FIGURE 2. Increased HIF-2α activity in NP results in a decreased disc height index. (A) Representative reconstructed μCT images of hemi-sections of lumbar motion segments in 14- and 24-month-old dPA and K19-dPA mice, scale bar = 1 mm. Lumbar disc height, vertebral height, and disc height index (DHI) in (B) 14M and 24M dPA and K19-dPA mice. n = 14M: 6 dPA (3 males, 3 females), 6 K19-dPA (4 males, 2 females) mice; 24M: 6 dPA (3 males, 3 females), 6 K19-dPA (3 males, 3 females) mice; 6 lumbar discs and 7 vertebrae/mouse were analyzed. Significance for quantitative measures was determined by using Mann–Whitney U test or an unpaired t-test with Welch’s correction, as appropriate. Quantitative measurements represent the median with the interquartile range.

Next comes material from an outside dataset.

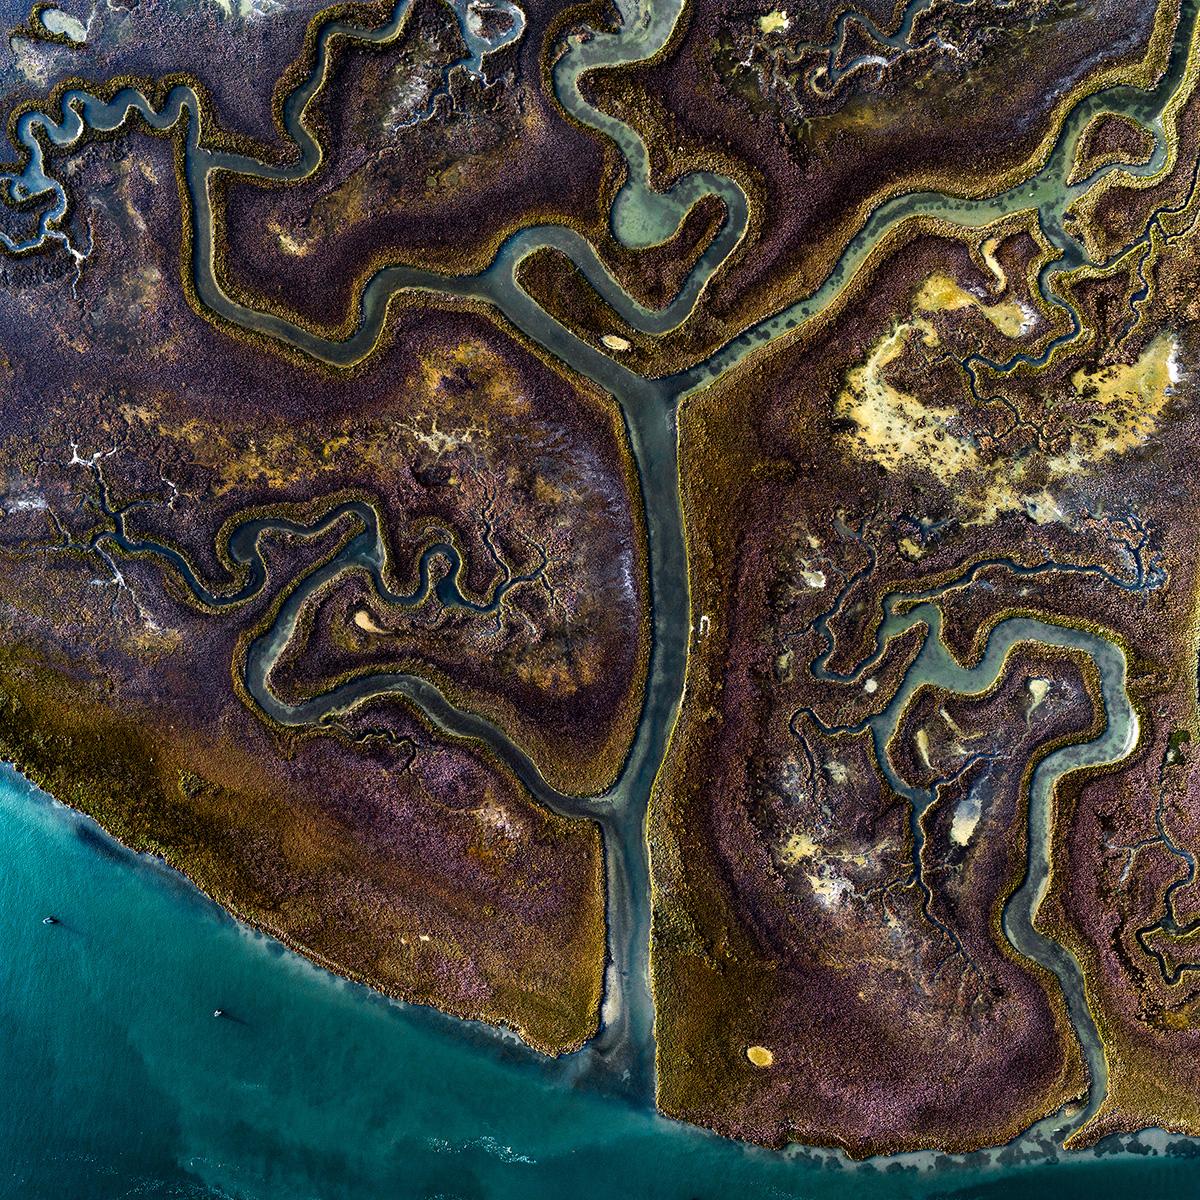 08-water-shape-earth-watershape-earth-milan-radisics-photography-fine-art-print-milan-hu_

To understand if the overexpression of HIF-2dPA in the NP affected collagen turnover in the AF compartment, the organization of the collagen matrix was assessed using Picrosirius Red staining coupled with polarized light microscopy. Polarized imaging revealed that at 14M, there were fewer thin and more intermediate fibers in the AF indicating less collagen turnover in the AF compartment of K19-dPA mice (Figures 3A–C). However, at 24M, the differences noted between the genotypes in both quantity and distribution at 14M were not apparent. These analyses suggest that increased HIF-2α in the NP affects AF collagen turnover during early aging but that these changes are secondary to the effects of spine aging.

FIGURE 3. K19-dPA mice evidence altered collagen fibrillar composition and compositional changes in NP and AF. (A–C) Representative polarized images of Picrosirius Red-stained lumbar disc sections (A) and quantification of collagen fiber thicknesses (B, C) performed on 14M and 24M dPA and K19-dPA mice (scale bar in A = 200 μm). 14M: n = 11 dPA (4 males, 7 females) 7 K19-dPA mice (5 males, 2 females), four to five lumbar discs/mouse, 33–48 lumbar discs/genotype and 24M: n = 9 dPA (4 males, 5 females), 7 K19-dPA (4 males, 3 females) mice, four to five lumbar discs/mouse, 33–51 lumbar discs/genotype. (D) Spectral cluster analysis images of 14 M and 24 M discs (scale bar = 200 μm). (E) Average superimposed second derivative spectra, inverted for positive visualization of the NP and AF of 14M and 24M dPA and K19-dPA mice. 14M (F) and 24M (G) quantification of mean second derivative peaks associated with chondroitin sulfate (1,064 cm−1), polysaccharide-associated peak (1,080 cm-1), amide III (1,230 cm-1), collagen (1,338 cm−1), and polysaccharide associated peak (1,032 cm-1). AU = arbitrary units. For both 14M and 24M, n = 6 mice/genotype, 3 discs/mouse, 18 total discs/genotype. Significance for quantitative measures was determined by using Mann–Whitney U test or an unpaired t-test with Welch’s correction, as appropriate. Quantitative measurements represent the median with the interquartile range.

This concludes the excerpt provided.